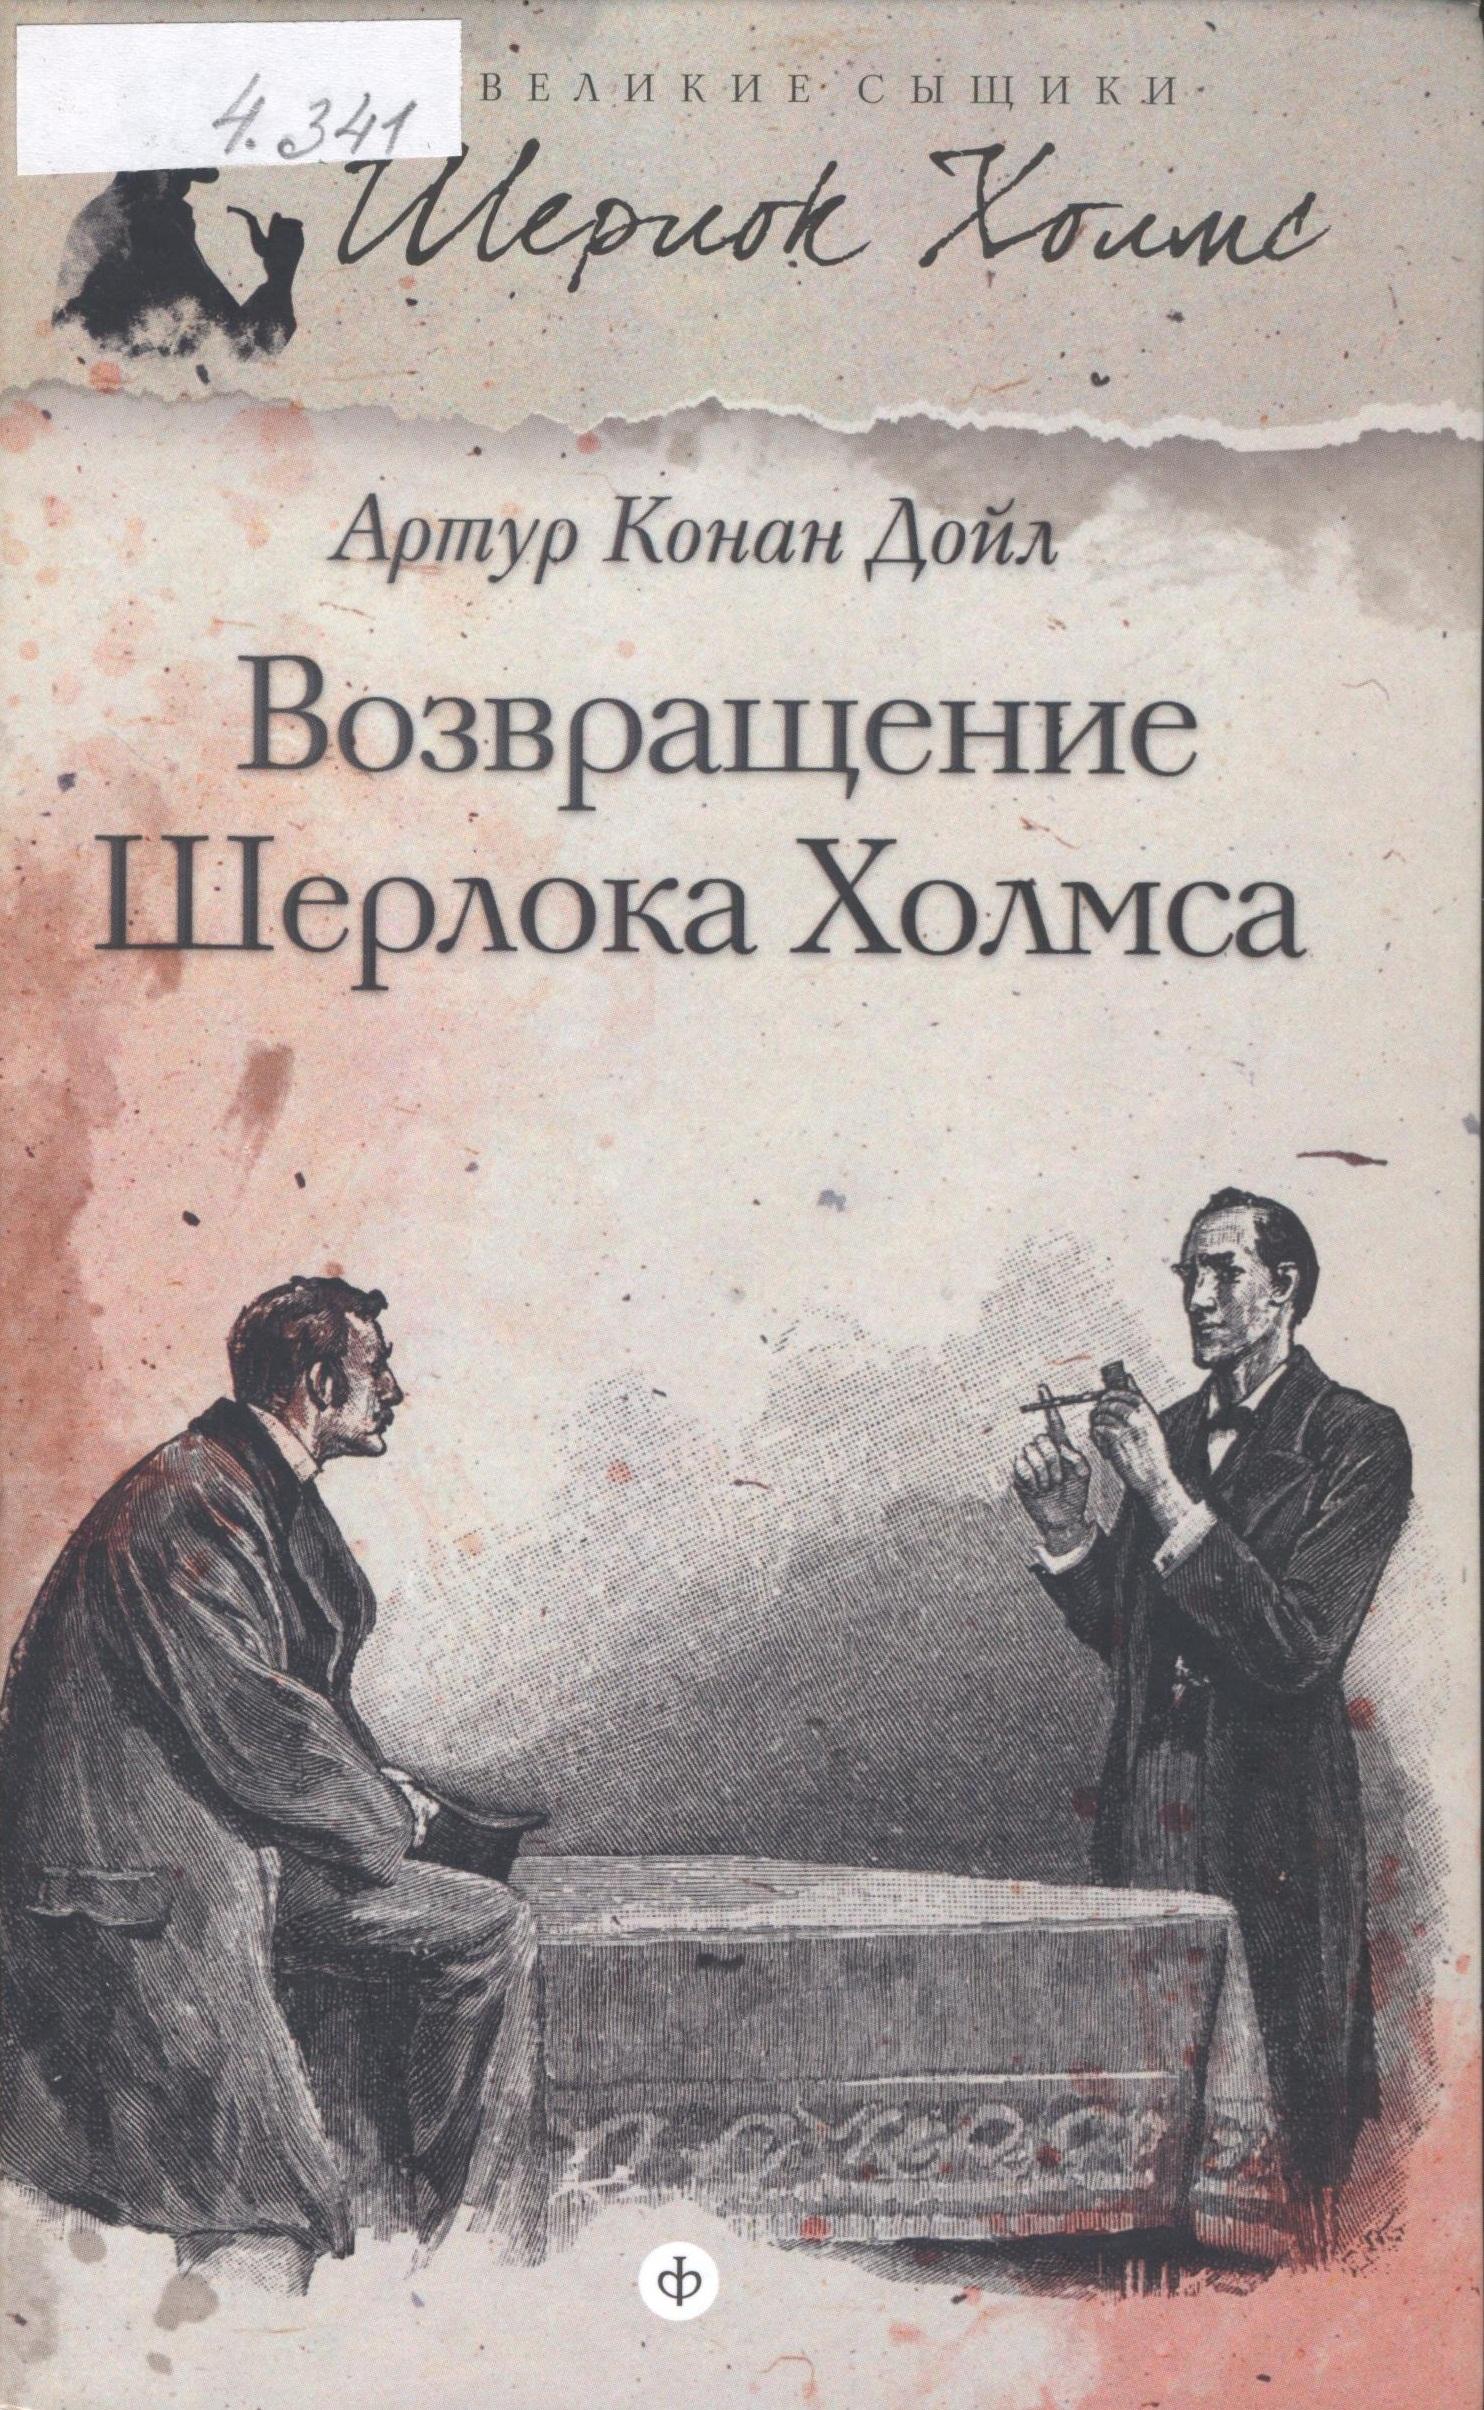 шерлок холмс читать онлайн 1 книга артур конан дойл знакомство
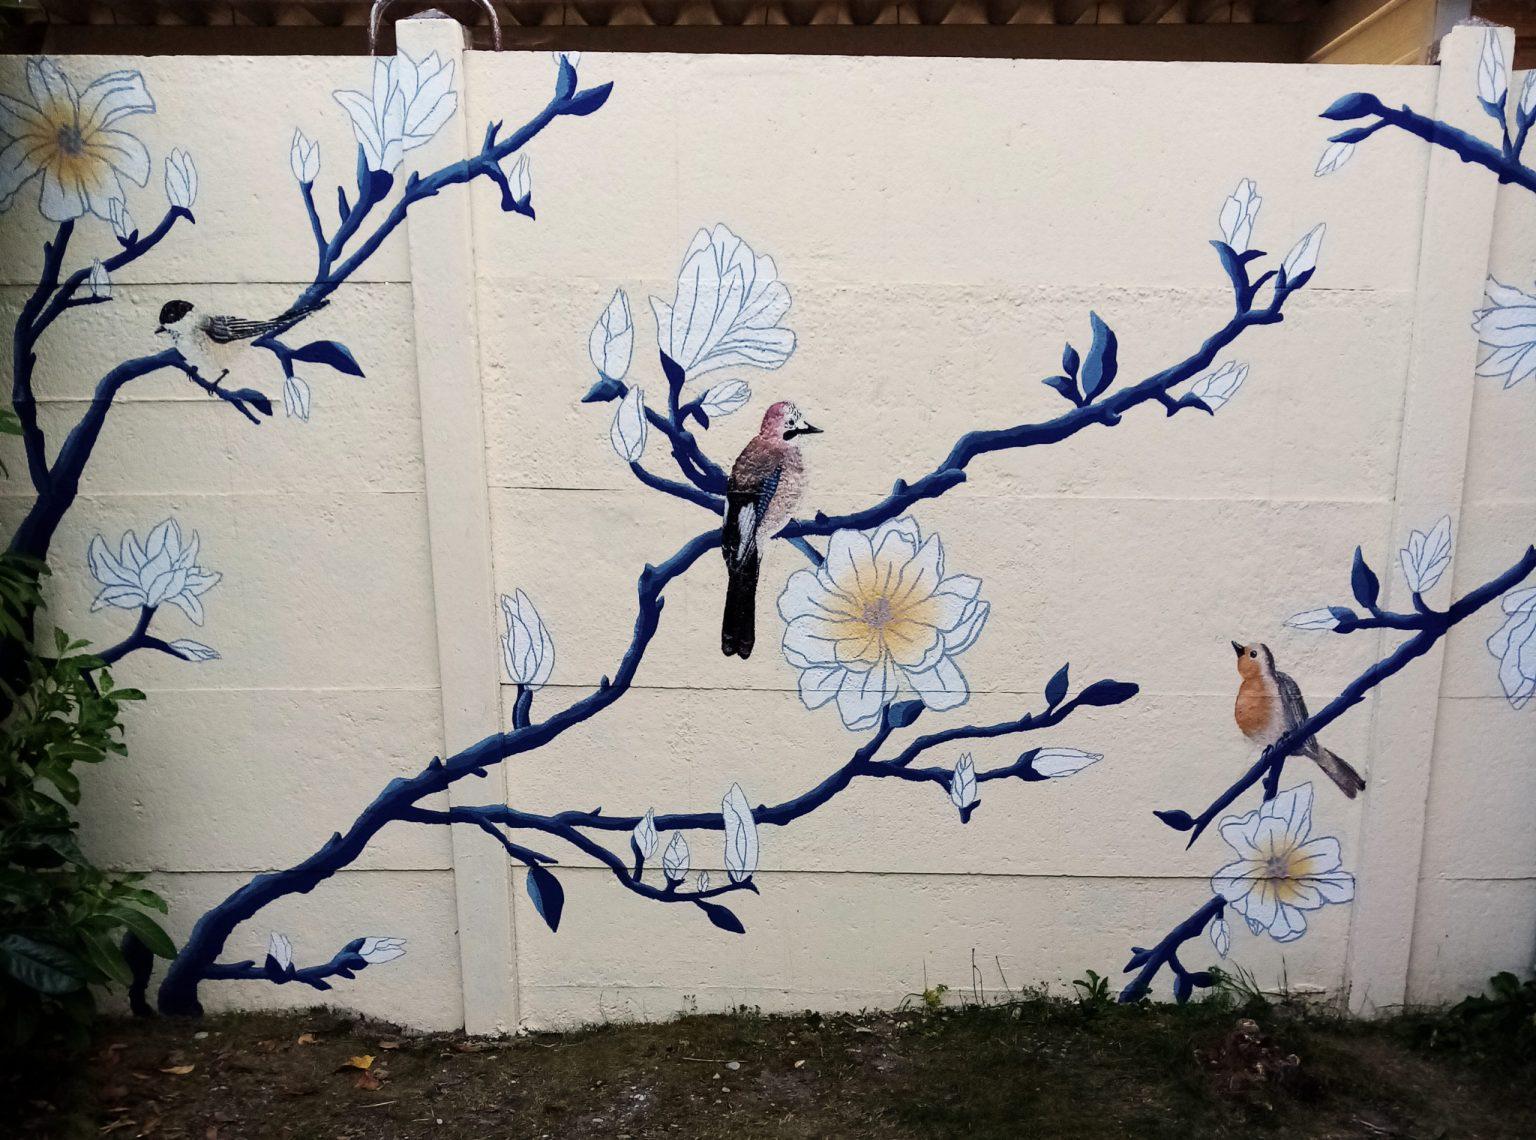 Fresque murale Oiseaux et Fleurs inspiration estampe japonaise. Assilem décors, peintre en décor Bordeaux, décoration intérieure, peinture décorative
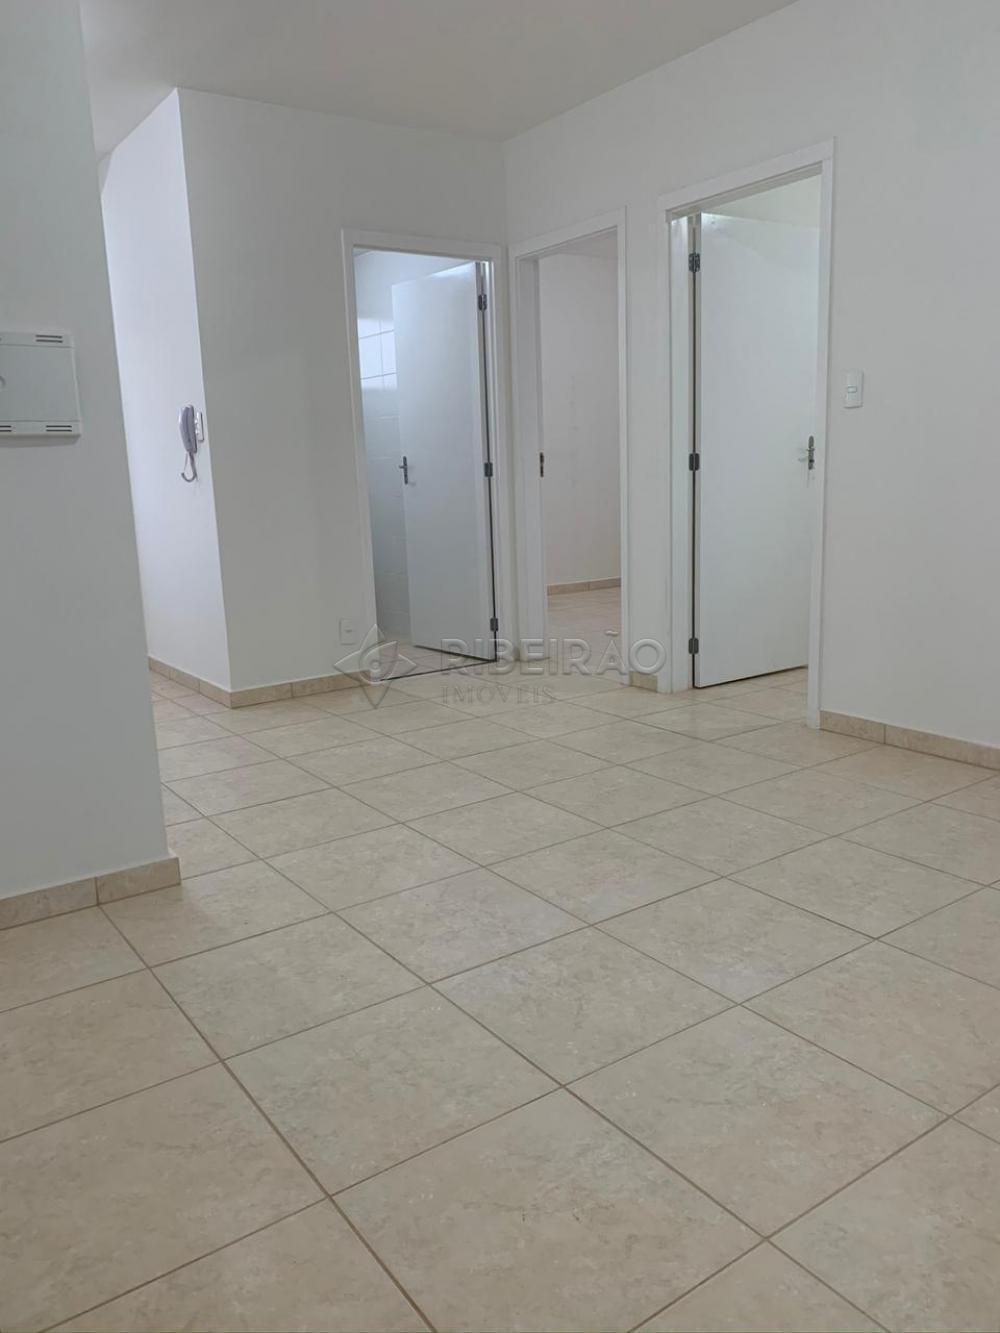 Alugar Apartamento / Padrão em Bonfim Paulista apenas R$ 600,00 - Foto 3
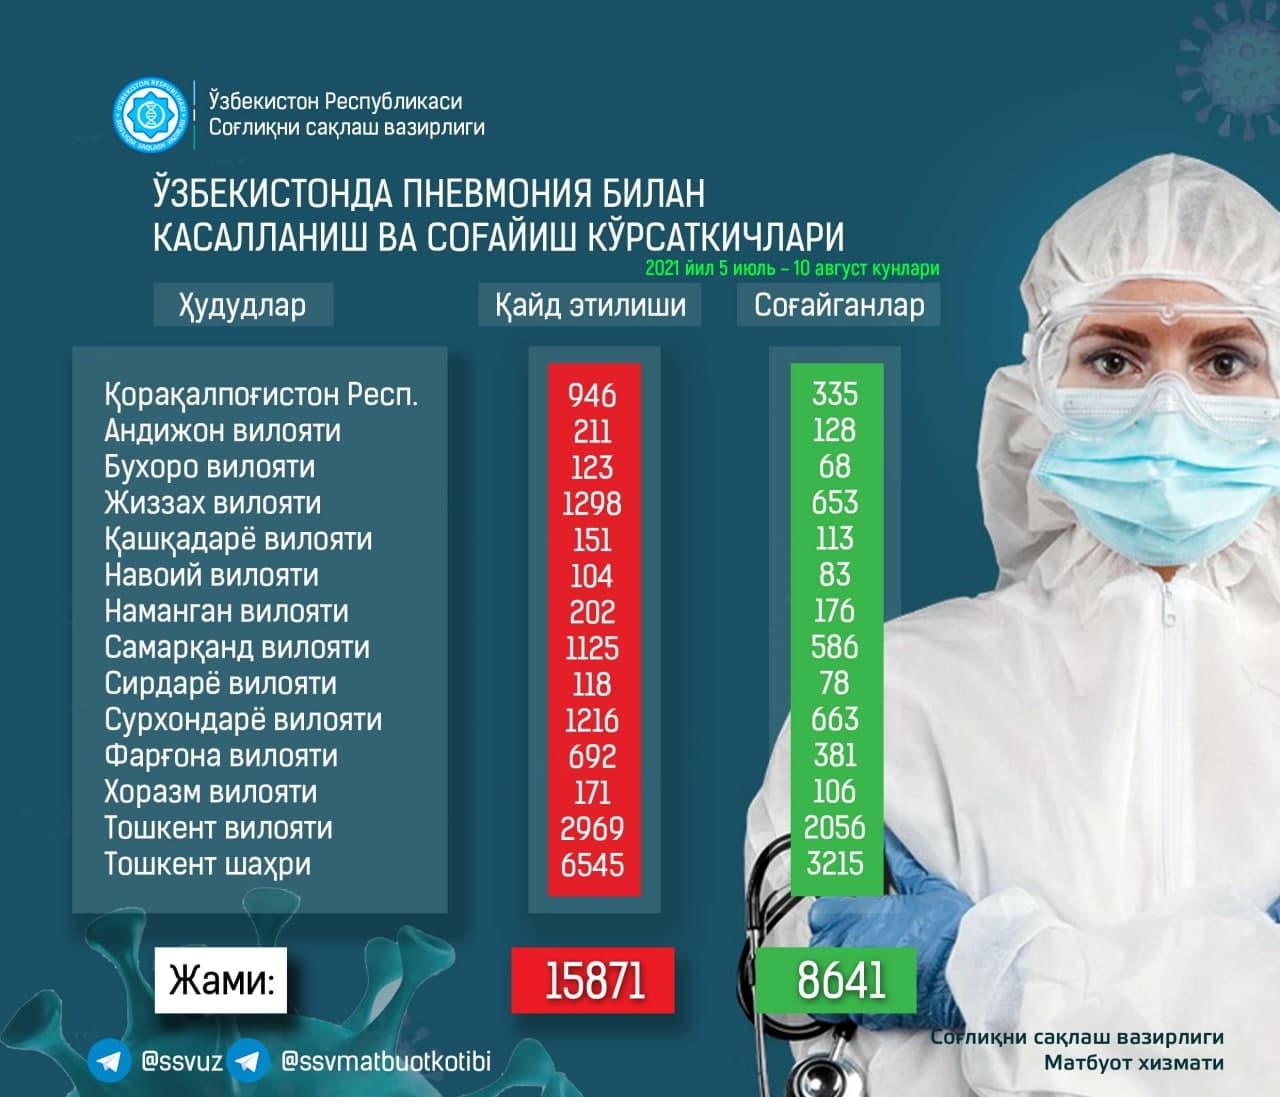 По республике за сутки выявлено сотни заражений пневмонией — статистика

○ ○ ○ ○ ○ ○ ○

> TASK DETAILS
Restate all of the material word for word. Keep out every picture.

> FINISHED EXERCISE
 шерлок холмс читать онлайн 1 книга артур конан дойл знакомство
 Fresque murale Oiseaux et Fleurs inspiration estampe japonaise. Assilem décors, peintre en décor Bordeaux, décoration intérieure, peinture décorative
 Alugar Apartamento / Padrão em Bonfim Paulista apenas R$ 600,00 - Foto 3
 По республике за сутки выявлено сотни заражений пневмонией — статистика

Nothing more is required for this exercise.